#### [What to produce]
Could you copy exactly the lines below, beginning at the line with "Beautiful polished marble floor" and stopping after the line with "Jeff Gordon Children’s Foundation logos", with no pictures?

#### [Materials provided]
#####
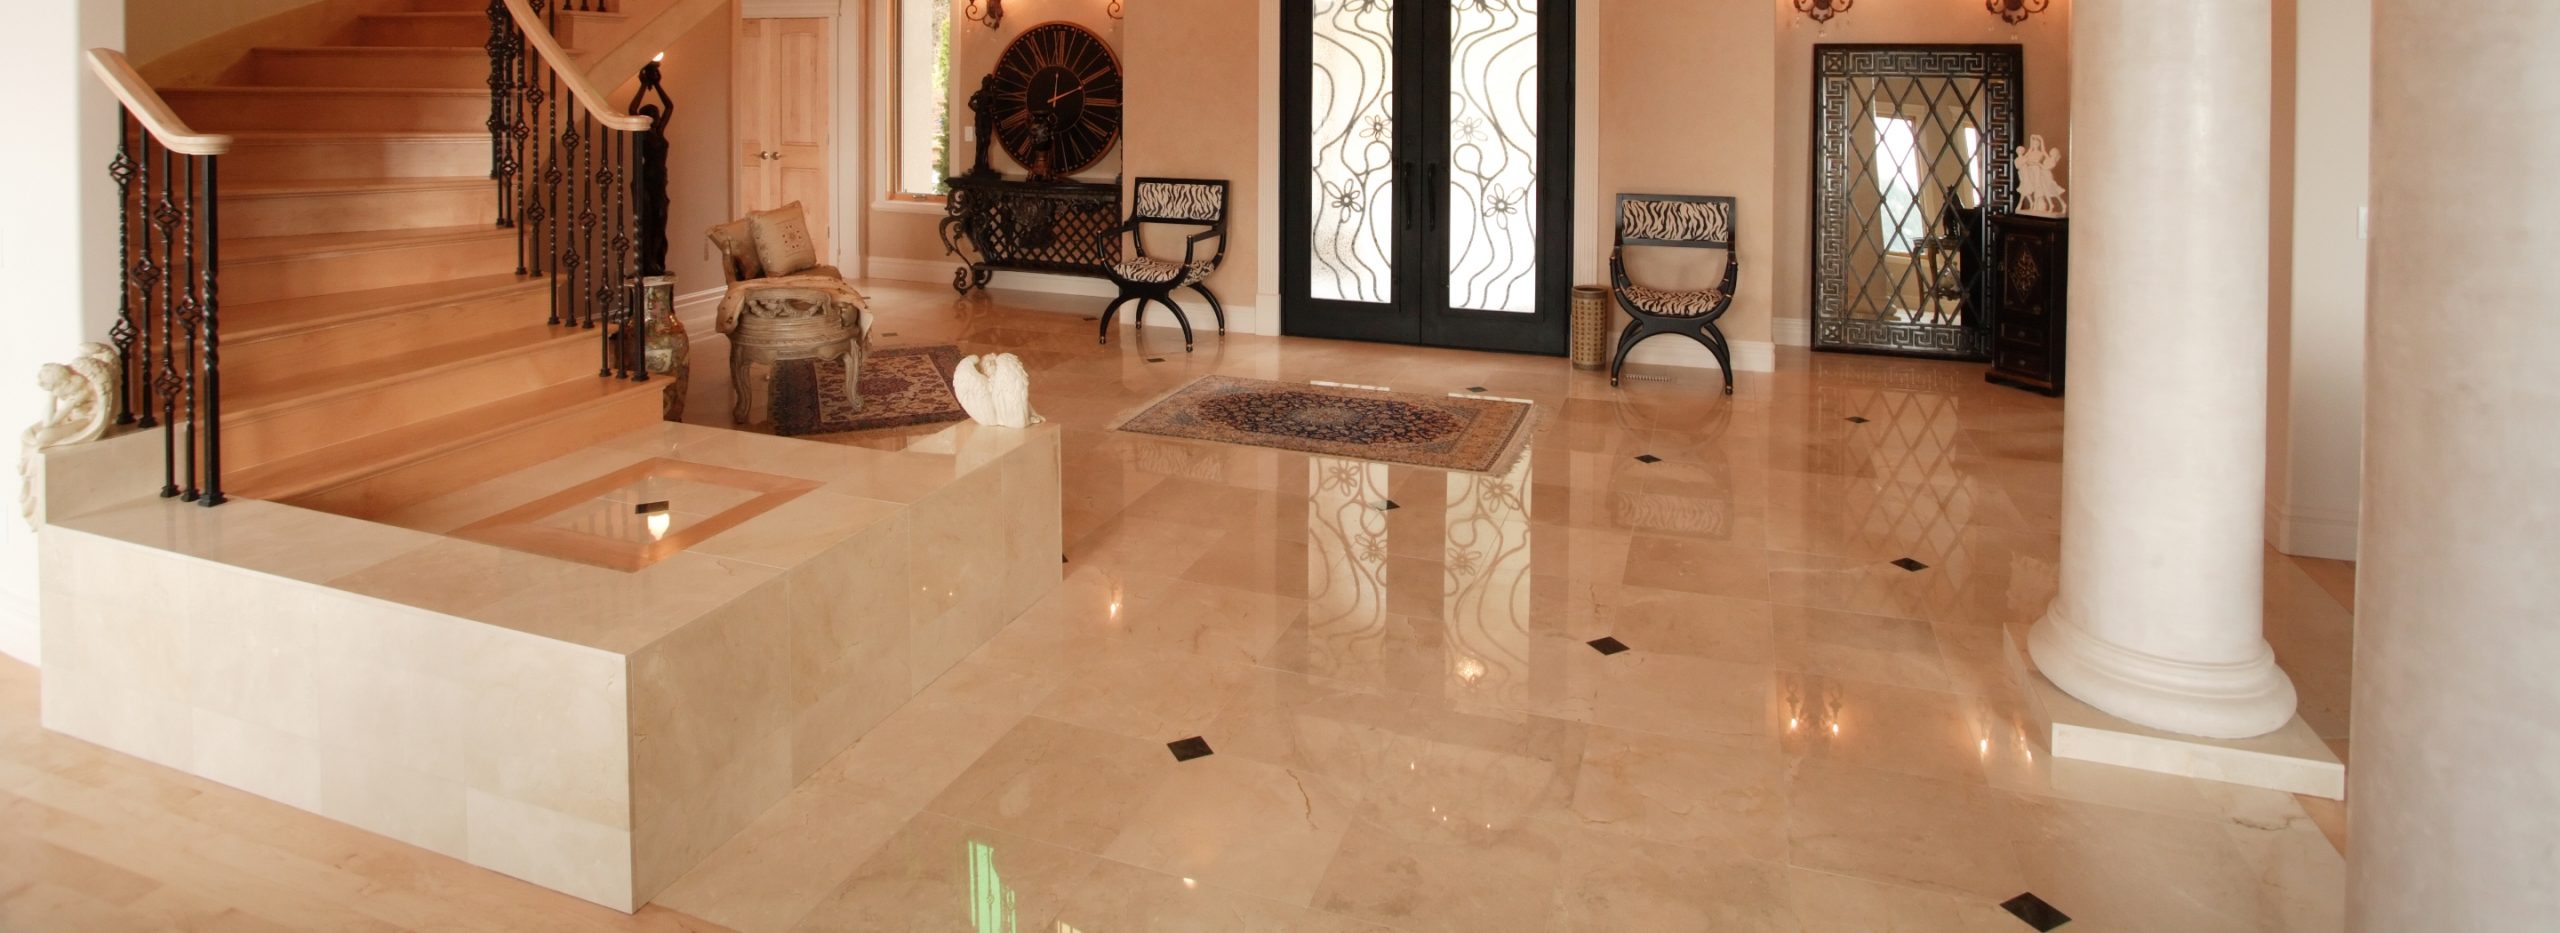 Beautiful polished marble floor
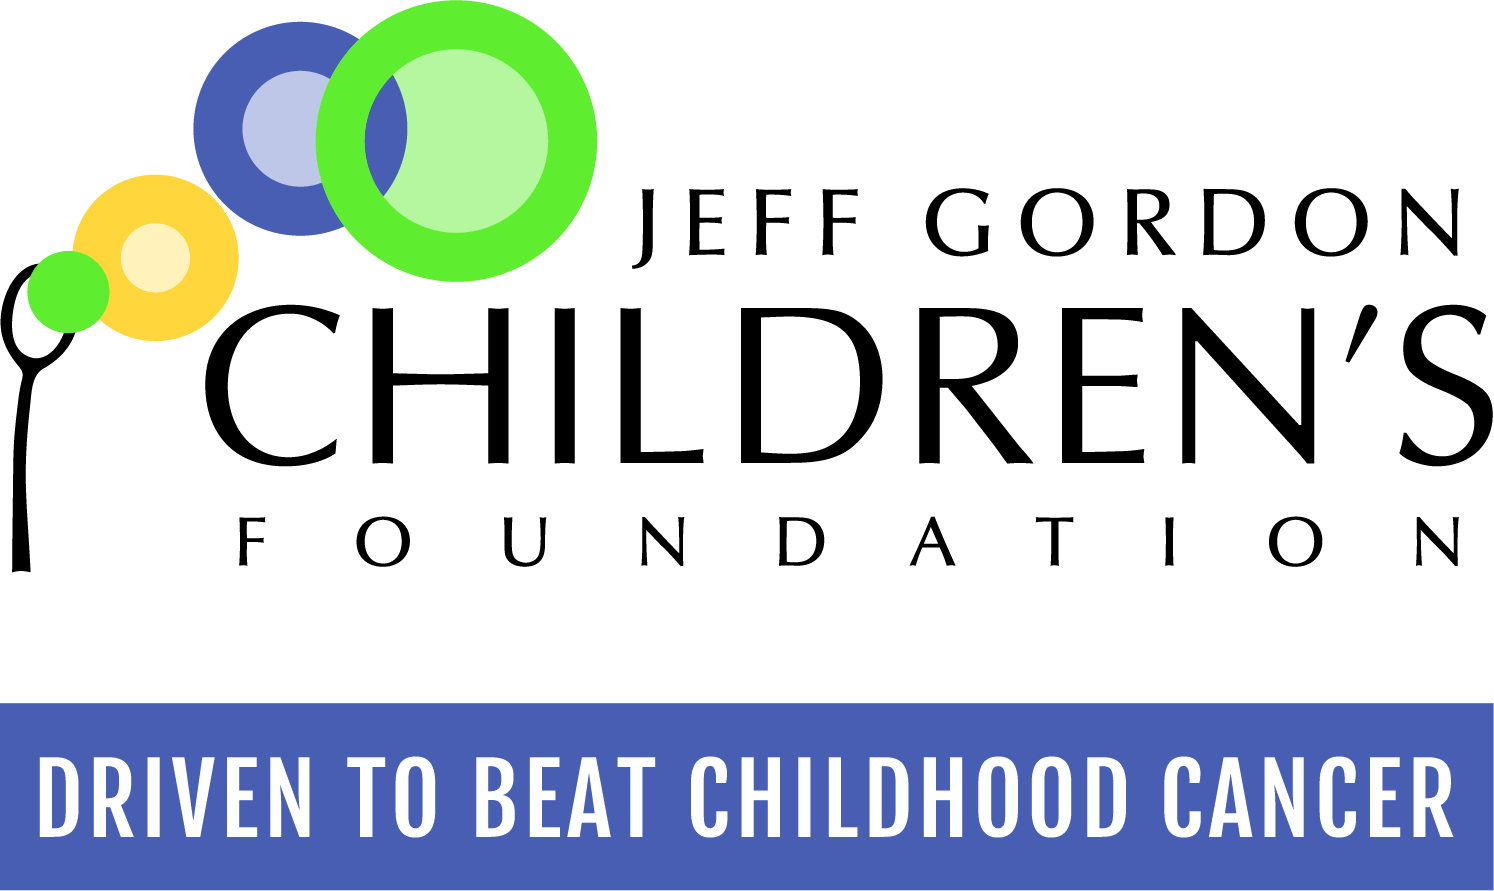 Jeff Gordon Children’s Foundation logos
#####
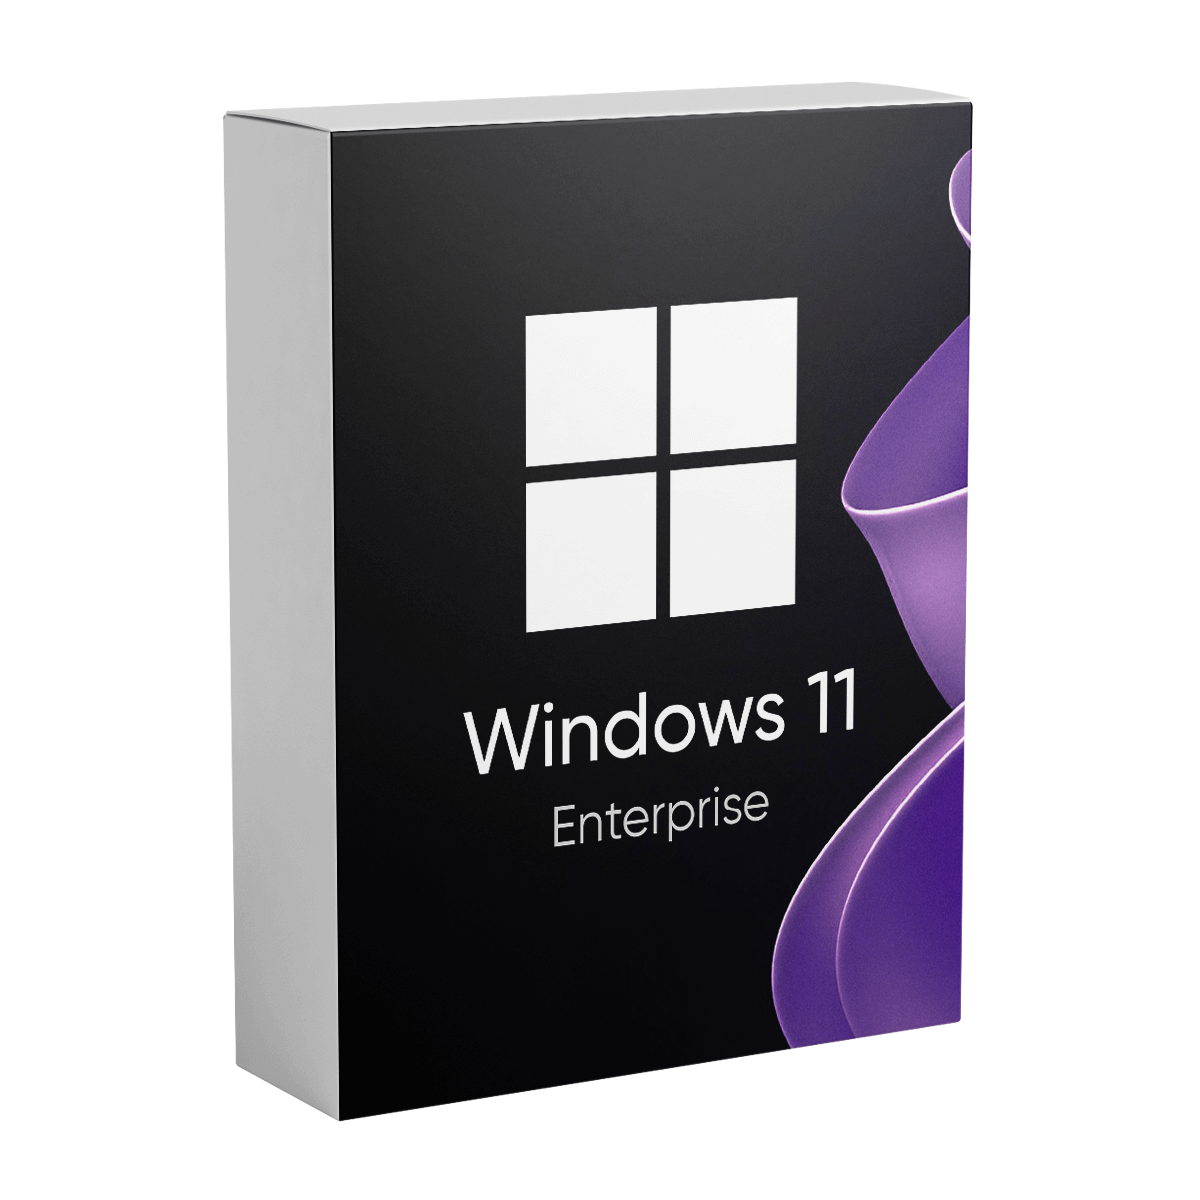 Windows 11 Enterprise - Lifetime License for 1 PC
#####
#### [Response to this exercise]
 Beautiful polished marble floor
 Jeff Gordon Children’s Foundation logos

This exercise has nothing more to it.